4.1.1 Microsoft credibility dataset

The first considered dataset, provided by [50], is constituted by 1,000 Web pages related to different domains such as Health, Finance, Politics, etc. Web pages are associated with credibility ratings provided on a five-point Likert scale, ranging from 1 to 5, where 1 stands for “very non-credible”, and 5 for “very credible”. In [17], for evaluation purposes, labels have been pre-processed by removing the middle values (3 in this case) and mapping 4-5 rating values to credible Web pages and 1-2 rating values to non-credible Web pages. In our approach, we followed the same strategy, and we focused on the 130 health-related Web pages in the dataset, after removing empty or inaccessible Web pages. Out of 130, 104 were credible and 26 were non-credible. Given the high data imbalance, we employed the Synthetic Minority Over-sampling Technique (SMOTE) [7] oversampling method to face this problem by oversampling the minority class.
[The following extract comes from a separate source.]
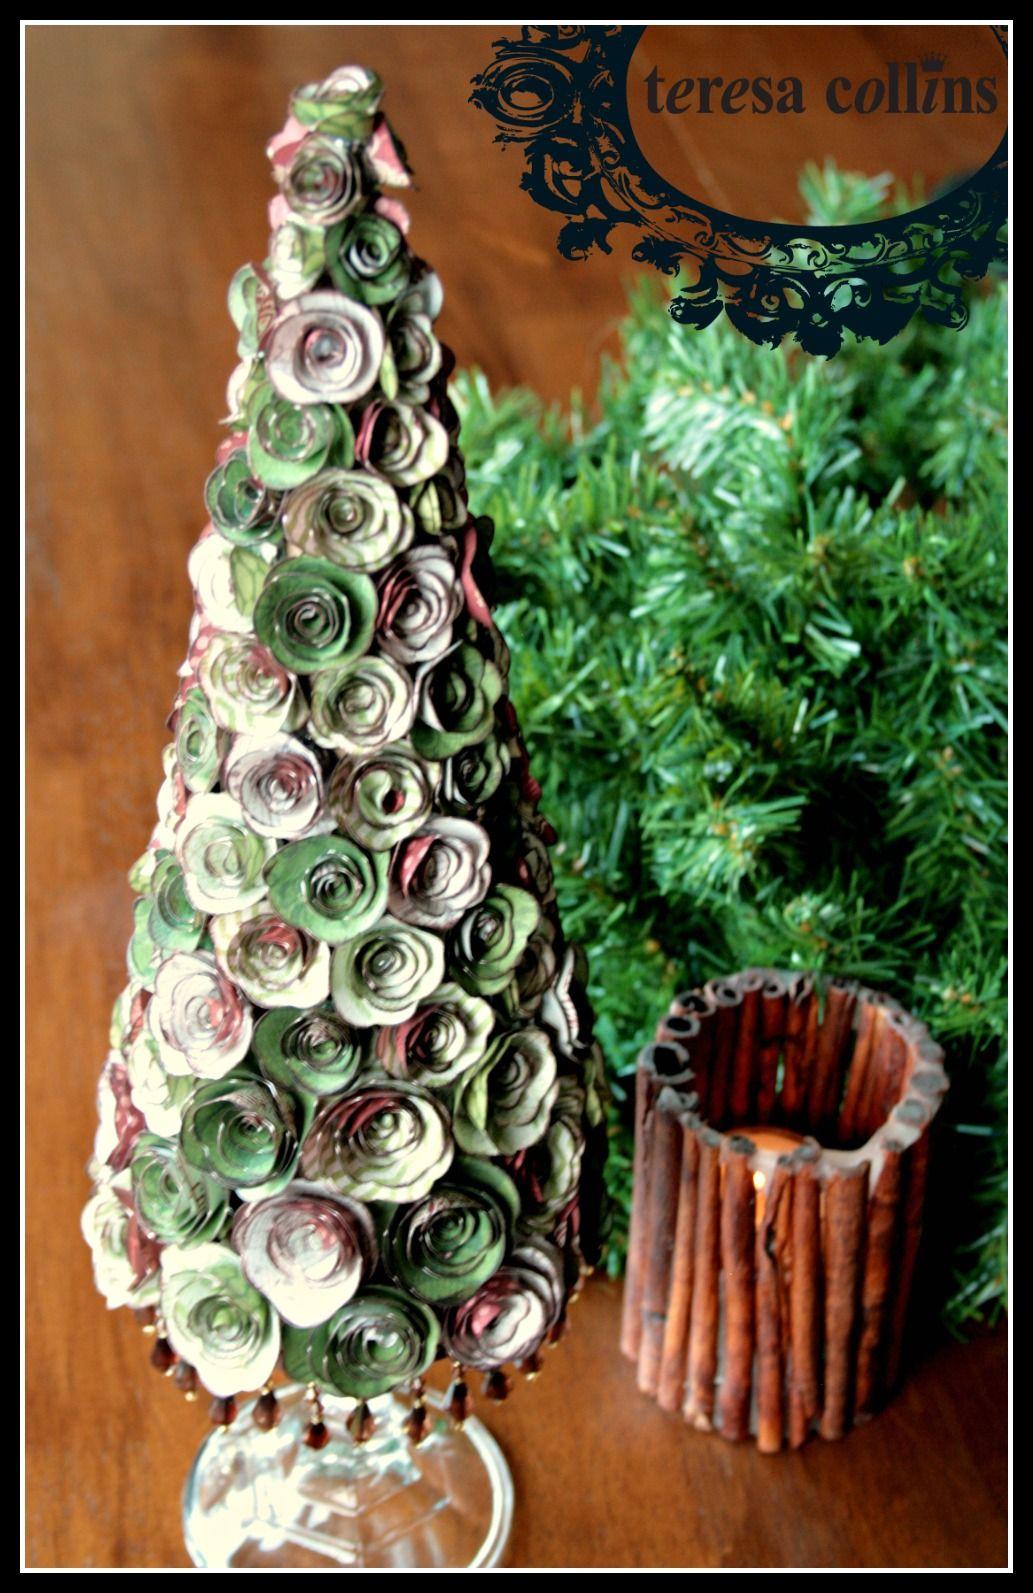 Teresa collins design team oh christmas tree tutorial by cheri

4.1.2 Medical web reliability corpus

This is a manually generated balanced dataset with binary labels, i.e., reliable and unreliable, associated with Web pages [53]. Reliable pages come from randomly selected HON accredited Websites.^{Footnote 9} Unreliable pages come from Websites searched on the Web by using “unreliable queries”, constituted by the disease name + “miracle cure”. The dataset consists of 360 Web pages, of which 180 reliable and 180 unreliable. After a cleaning phase, to remove blank and no-longer accessible pages, we dealt with 170 reliable and 176 unreliable Web pages.

4.1.3 CLEF eHealth 2020 task-2 dataset

This dataset, described in [21], has been expressly created to assess the topical relevance, readability, and credibility of Web pages consisting of medical content, as part of the so-called Consumer Health Search (CHS) task.^{Footnote 10} Credibility ratings are expressed on a four-point scale, from 0 to 3. Such ratings have been converted to binary values by considering 0-1 values as non-credible and 2-3 values as credible. Finally, we dealt with 5,509 credible and 6,736 non-credible Web pages.

4.2 Baselines and evaluation metrics

Distinct baseline models have been taken into consideration for comparatively evaluate the effectiveness of the proposed Vec4Cred model. Traditional solutions developed for assessing the genuineness of health information, which considers both textual and metadata (handcrafted) features in association with Machine Learning, have already been tested and demonstrated their inferiority to approaches based on embedding of Web page characteristics in [58]. For this reason, in this paper we considered as baselines the original Web2Vec model (but applied to the health misinformation detection problem), the original Web2Vec model enriched with the consideration of domain-names extracted from the links present in the target Web page, and a preliminary model, of which Vec4Cred is an extension, that we proposed in [58] (such baselines are detailed below, in Section 4.3).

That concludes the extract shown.